▶ EXERCISE DETAILS: From the entries, copy each line that includes "Super".

[Excerpts from a dataset]
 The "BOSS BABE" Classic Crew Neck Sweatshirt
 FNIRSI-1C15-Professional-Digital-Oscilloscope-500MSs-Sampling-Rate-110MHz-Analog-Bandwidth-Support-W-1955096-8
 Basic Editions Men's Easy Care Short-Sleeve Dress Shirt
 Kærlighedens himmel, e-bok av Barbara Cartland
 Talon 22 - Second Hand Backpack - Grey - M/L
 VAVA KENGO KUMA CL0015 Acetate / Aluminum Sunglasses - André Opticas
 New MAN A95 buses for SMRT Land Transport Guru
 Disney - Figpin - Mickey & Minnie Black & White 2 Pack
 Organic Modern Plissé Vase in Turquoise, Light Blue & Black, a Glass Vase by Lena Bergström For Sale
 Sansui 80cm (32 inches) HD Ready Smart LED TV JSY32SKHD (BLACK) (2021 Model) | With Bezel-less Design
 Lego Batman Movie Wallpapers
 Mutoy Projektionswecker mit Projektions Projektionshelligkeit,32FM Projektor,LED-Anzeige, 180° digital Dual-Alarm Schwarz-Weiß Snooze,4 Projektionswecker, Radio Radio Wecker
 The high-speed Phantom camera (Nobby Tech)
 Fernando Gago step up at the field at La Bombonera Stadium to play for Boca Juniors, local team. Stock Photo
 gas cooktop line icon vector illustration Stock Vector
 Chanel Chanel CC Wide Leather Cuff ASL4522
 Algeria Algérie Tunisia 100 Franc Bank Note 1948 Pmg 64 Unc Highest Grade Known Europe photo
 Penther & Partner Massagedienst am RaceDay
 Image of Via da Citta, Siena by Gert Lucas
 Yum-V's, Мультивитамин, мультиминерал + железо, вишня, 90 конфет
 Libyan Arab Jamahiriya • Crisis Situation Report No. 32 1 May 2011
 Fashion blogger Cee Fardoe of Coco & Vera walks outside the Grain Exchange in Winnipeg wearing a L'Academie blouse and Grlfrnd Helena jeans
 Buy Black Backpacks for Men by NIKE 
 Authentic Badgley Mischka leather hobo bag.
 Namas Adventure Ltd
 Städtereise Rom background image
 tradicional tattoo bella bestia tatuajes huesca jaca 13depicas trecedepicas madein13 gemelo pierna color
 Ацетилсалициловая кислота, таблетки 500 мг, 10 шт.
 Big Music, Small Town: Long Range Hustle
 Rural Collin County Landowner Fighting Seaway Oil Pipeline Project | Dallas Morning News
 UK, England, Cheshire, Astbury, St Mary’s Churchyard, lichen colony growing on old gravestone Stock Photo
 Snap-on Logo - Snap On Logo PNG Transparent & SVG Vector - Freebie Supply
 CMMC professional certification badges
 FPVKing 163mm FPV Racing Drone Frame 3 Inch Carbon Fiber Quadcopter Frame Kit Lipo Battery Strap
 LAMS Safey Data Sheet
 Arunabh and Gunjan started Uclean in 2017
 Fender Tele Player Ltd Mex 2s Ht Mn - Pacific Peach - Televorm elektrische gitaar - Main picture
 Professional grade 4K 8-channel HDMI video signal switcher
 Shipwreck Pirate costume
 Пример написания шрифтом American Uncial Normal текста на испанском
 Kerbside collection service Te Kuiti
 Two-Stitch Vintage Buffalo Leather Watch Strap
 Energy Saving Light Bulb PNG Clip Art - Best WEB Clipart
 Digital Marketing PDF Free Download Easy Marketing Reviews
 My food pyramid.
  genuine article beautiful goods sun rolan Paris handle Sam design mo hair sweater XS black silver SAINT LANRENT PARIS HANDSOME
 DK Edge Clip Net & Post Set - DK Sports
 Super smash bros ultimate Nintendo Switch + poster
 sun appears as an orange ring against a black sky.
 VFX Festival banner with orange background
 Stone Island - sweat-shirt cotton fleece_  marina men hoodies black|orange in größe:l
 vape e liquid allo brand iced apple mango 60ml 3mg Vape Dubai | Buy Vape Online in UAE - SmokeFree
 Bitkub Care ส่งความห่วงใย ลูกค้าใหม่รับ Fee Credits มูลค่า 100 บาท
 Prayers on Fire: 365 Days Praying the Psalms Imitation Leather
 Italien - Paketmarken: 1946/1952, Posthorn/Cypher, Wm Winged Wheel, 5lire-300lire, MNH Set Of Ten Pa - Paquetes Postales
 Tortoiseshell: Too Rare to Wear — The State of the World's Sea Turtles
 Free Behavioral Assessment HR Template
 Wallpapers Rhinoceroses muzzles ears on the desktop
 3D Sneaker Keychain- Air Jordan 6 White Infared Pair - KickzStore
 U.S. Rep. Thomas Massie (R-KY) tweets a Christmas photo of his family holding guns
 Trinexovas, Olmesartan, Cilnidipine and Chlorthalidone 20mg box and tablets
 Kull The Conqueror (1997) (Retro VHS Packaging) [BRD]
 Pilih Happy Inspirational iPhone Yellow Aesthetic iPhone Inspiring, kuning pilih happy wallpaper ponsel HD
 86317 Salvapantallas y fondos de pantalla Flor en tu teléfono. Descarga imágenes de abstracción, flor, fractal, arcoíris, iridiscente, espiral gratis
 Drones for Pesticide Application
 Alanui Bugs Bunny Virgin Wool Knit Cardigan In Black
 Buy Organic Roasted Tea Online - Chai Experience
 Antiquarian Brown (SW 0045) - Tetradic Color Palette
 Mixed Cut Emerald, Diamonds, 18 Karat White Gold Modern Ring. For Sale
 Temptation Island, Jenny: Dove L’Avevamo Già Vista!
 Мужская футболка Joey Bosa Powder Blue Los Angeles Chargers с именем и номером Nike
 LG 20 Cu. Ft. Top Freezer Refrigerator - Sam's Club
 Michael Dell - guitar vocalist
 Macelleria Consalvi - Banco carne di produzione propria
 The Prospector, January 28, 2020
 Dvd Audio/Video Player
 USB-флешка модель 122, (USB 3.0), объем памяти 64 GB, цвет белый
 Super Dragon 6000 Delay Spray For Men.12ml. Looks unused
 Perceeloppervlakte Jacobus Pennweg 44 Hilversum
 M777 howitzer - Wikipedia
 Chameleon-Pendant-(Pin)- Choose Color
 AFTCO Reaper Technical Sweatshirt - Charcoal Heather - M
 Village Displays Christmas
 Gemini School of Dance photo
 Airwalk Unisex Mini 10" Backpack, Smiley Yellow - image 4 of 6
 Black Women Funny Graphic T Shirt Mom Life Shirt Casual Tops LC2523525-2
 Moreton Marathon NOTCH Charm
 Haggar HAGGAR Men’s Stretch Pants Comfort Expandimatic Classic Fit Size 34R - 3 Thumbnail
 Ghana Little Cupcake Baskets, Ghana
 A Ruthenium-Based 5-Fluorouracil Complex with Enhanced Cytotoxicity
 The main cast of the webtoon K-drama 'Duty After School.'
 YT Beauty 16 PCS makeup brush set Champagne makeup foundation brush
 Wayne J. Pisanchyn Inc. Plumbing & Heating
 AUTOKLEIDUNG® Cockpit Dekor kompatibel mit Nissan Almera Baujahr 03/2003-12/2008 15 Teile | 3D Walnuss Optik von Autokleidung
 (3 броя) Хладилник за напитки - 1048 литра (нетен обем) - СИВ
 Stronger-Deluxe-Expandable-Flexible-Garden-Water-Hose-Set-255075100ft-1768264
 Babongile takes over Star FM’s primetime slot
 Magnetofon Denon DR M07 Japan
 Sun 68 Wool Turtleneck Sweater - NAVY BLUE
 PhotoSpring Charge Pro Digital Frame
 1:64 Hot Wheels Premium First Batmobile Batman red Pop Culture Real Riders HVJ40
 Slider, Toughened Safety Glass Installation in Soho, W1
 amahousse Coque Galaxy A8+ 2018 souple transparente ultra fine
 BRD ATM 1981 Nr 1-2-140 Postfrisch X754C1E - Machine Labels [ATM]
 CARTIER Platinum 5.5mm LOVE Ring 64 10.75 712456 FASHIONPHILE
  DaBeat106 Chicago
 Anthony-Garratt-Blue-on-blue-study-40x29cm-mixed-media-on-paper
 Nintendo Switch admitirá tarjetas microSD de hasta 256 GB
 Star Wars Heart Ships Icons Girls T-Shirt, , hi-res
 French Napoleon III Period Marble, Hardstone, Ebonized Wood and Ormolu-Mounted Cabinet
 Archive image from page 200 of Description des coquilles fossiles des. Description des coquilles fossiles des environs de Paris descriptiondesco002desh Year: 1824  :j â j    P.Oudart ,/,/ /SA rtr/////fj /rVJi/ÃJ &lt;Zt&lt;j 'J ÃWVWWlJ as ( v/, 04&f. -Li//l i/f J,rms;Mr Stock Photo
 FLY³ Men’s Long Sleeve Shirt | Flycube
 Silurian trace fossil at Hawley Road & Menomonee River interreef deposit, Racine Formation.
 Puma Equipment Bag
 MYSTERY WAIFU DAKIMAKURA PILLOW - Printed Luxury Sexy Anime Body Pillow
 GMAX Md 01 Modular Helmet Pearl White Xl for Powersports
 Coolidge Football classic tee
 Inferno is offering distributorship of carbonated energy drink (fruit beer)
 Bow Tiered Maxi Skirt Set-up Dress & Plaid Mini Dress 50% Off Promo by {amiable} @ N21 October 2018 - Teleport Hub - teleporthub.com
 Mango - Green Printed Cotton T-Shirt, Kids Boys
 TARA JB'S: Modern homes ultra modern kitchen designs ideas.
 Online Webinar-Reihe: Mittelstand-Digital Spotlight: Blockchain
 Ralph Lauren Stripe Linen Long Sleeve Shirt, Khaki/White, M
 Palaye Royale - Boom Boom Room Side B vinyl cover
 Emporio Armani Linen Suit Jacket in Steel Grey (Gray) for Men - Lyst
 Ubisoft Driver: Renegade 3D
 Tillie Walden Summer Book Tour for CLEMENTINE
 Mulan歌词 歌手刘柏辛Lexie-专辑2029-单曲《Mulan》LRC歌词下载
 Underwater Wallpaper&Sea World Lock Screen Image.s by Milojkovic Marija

▶ ANSWER TO THE PROBLEM:
 Super smash bros ultimate Nintendo Switch + poster
 Super Dragon 6000 Delay Spray For Men.12ml. Looks unused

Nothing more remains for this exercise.